Produção (e o fim dela)
A produção do MP Lafer foi encerrada em 1990, impactada diretamente pela reabertura das importações no Brasil. Naquele período, o preço de um MP equivalia ao de três Fuscas, enquanto veículos importados ofereciam tecnologia mais avançada por valores inferiores. Com isso, a Lafer deixou o setor automotivo e voltou a concentrar esforços na fabricação de móveis de alto padrão para o mercado interno e externo.

Entre 1974 e 1990, cerca de 4.300 unidades do MP Lafer foram produzidas, sendo aproximadamente 1.300 destinadas à exportação.
Curiosidades
O modelo também carrega curiosidades que reforçam sua identidade.
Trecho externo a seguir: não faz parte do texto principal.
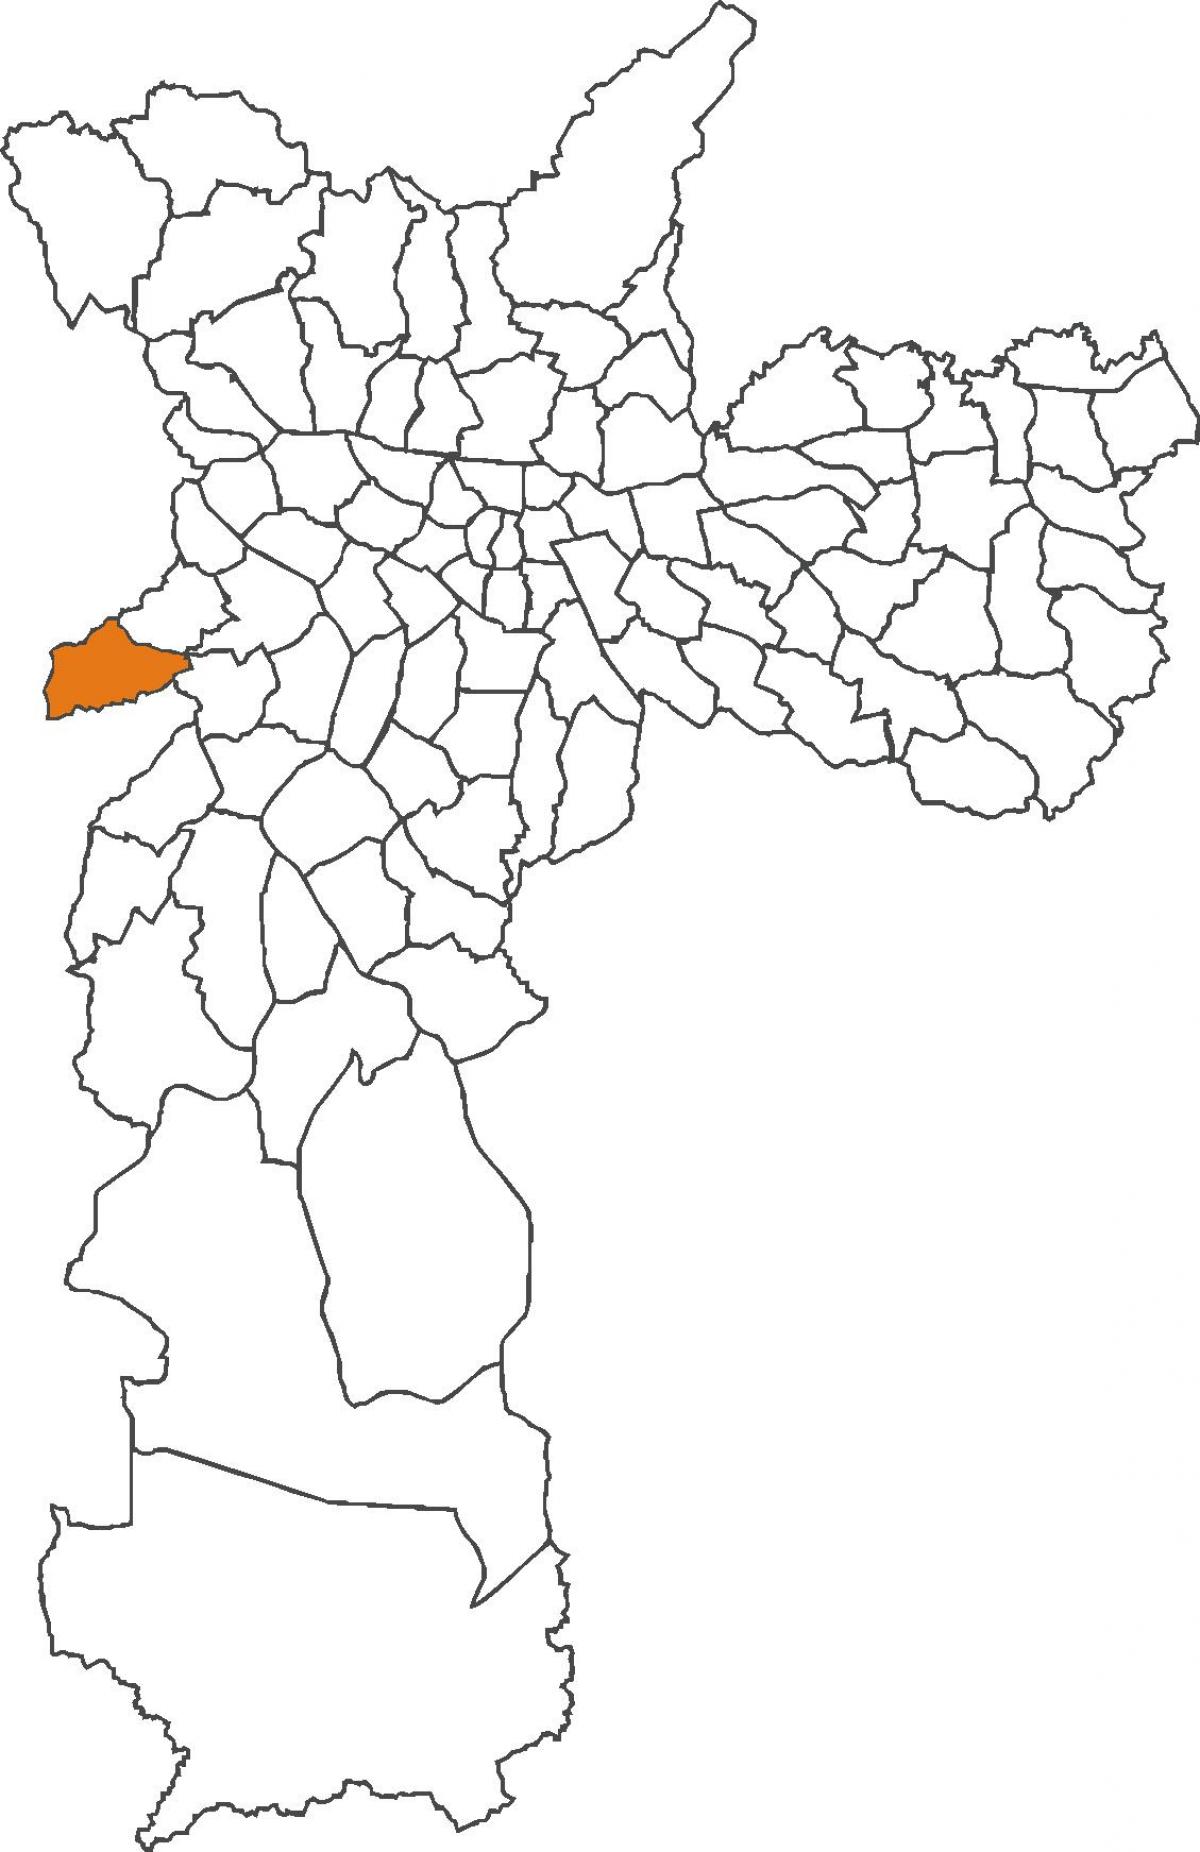 Map of Raposo Tavares district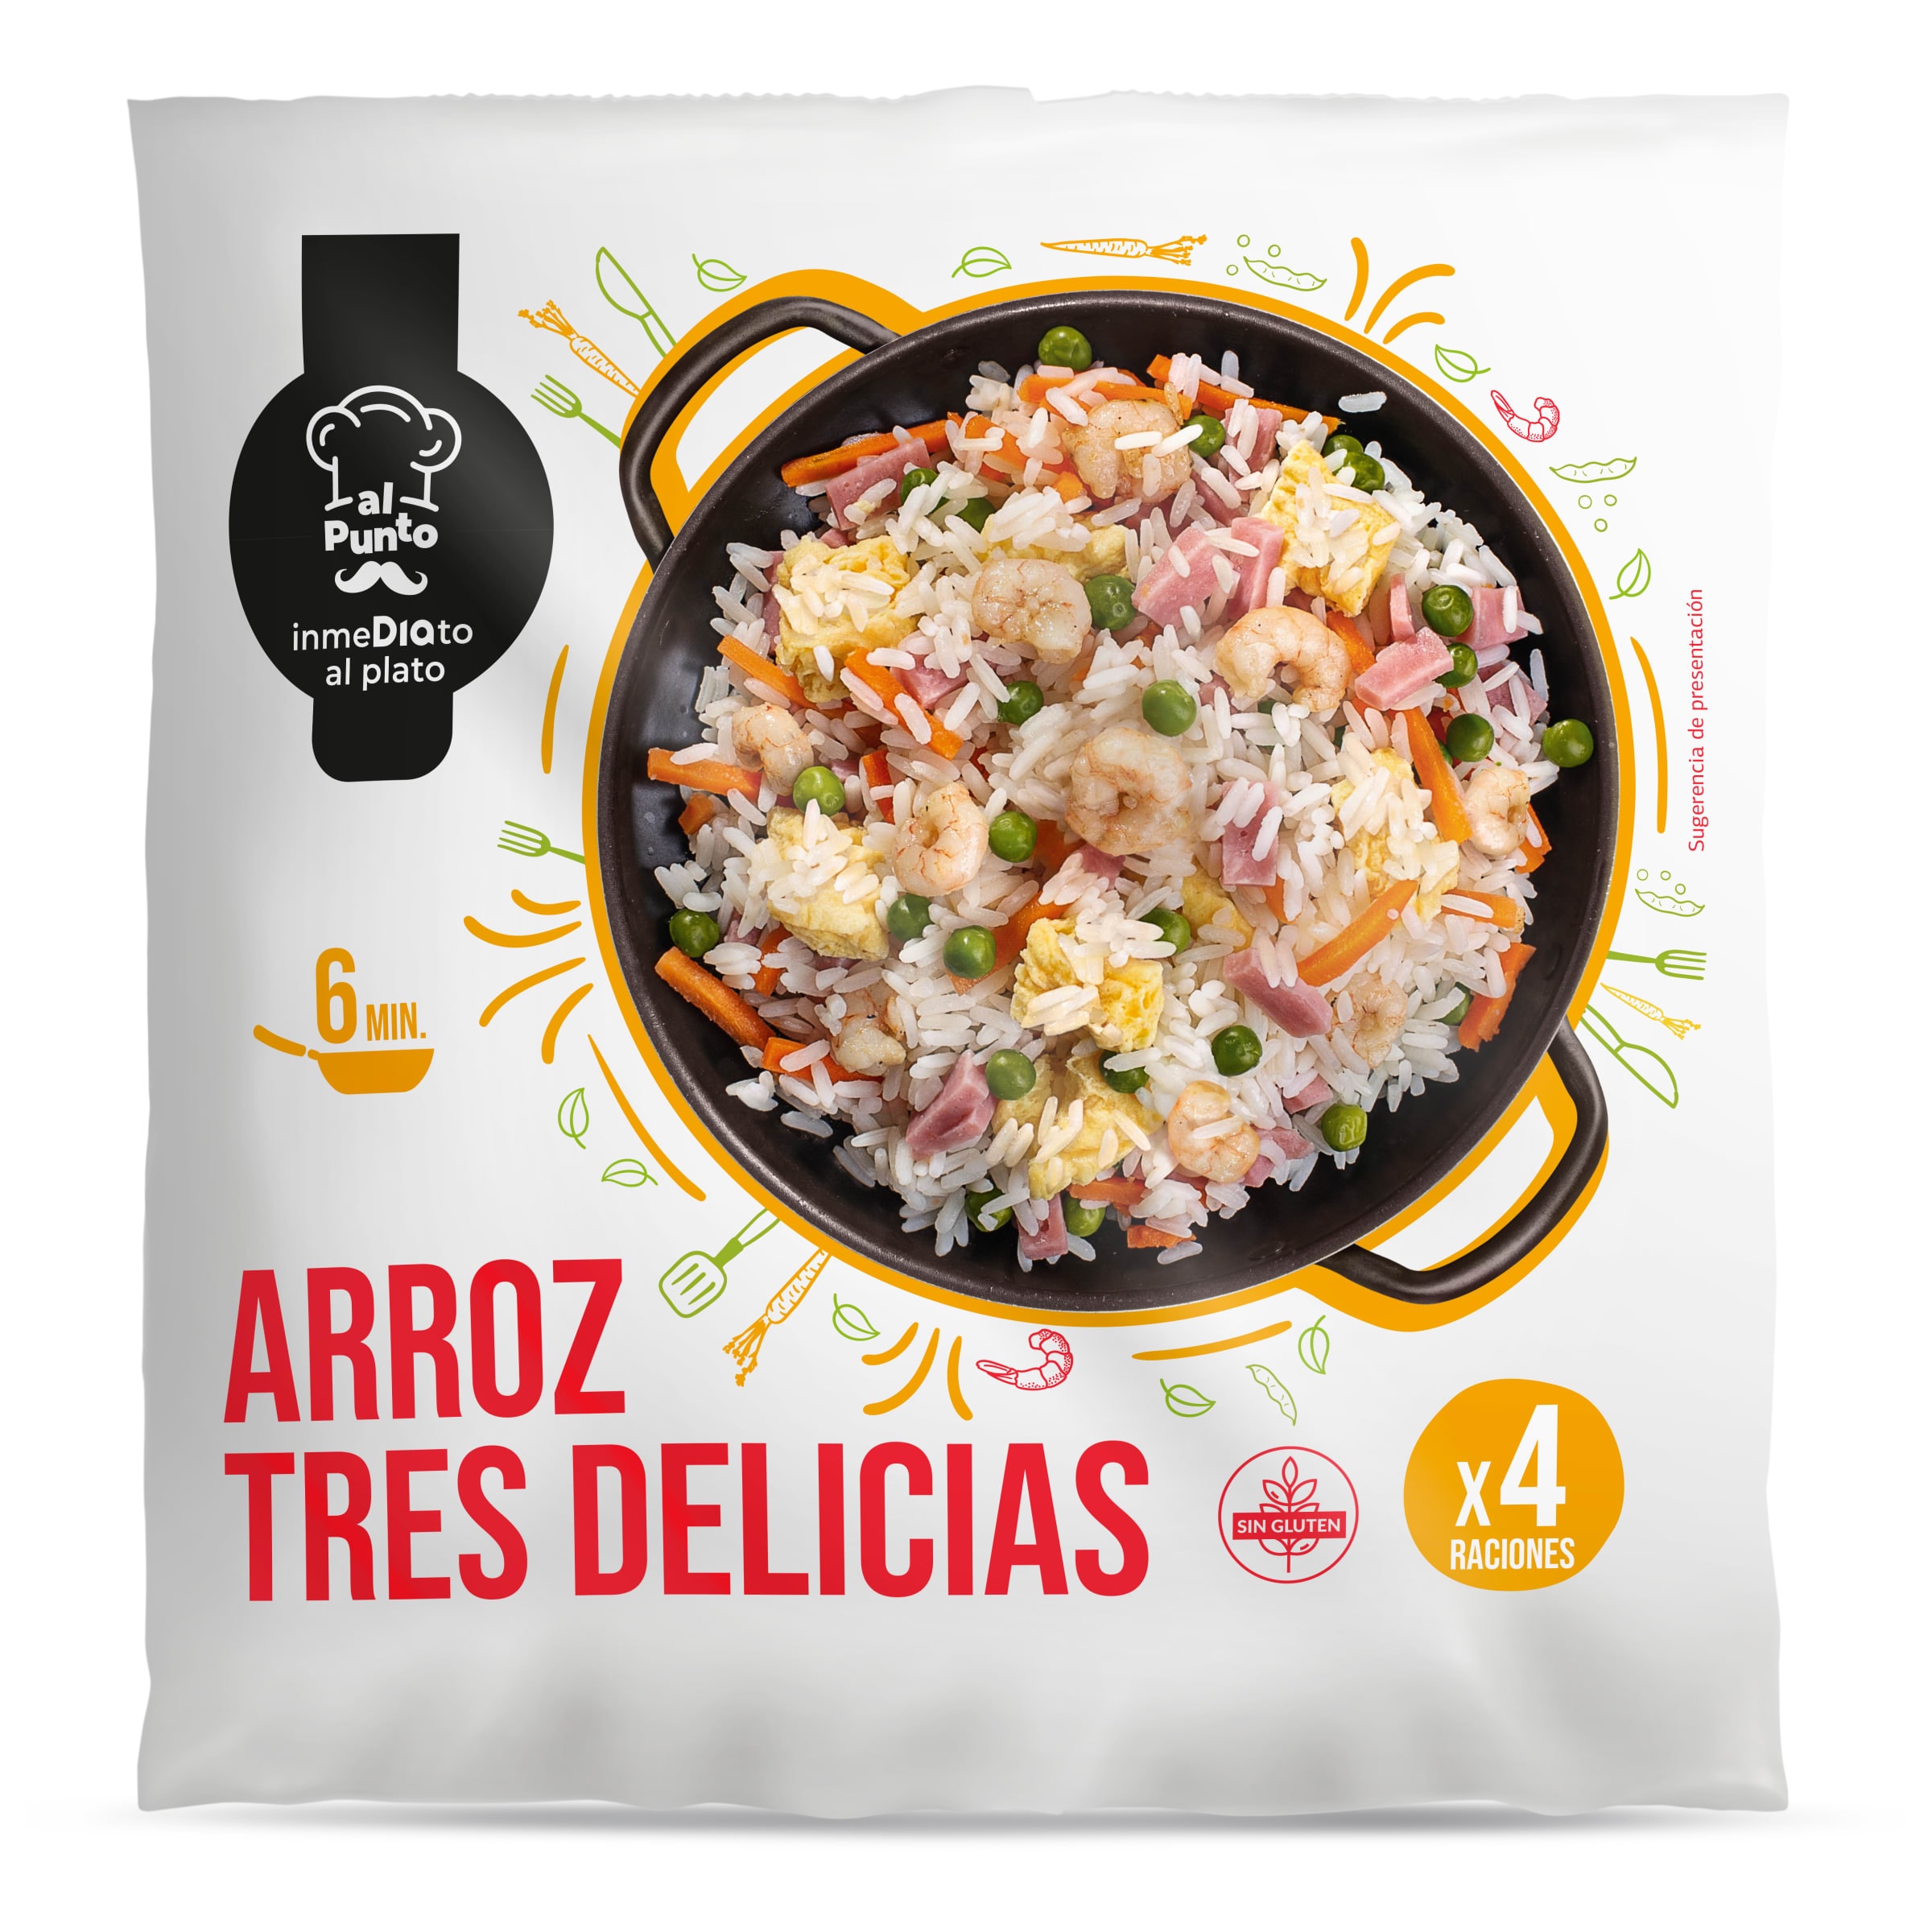 Arroz tres delicias Al Punto bolsa 850 g - Supermercados DIA

A sigla MP vem de “Móvel Patenteado”, nomenclatura utilizada pela Lafer em seus catálogos para identificar peças com patente própria. Internamente, a sigla acabou sendo adotada para batizar o automóvel, que não poderia usar o nome MG (Morris Garages).

Outra história curiosa do MP Lafer envolve seu fim da produção. Em 1990, Percival Lafer determinou que todo o ferramental utilizado na fabricação das carrocerias fosse enterrado nas dependências da antiga fábrica, onde mais tarde seria construído um grande supermercado. Atualmente, aos 89 anos, Percival segue atuando diariamente na empresa, como diretor e designer de móveis.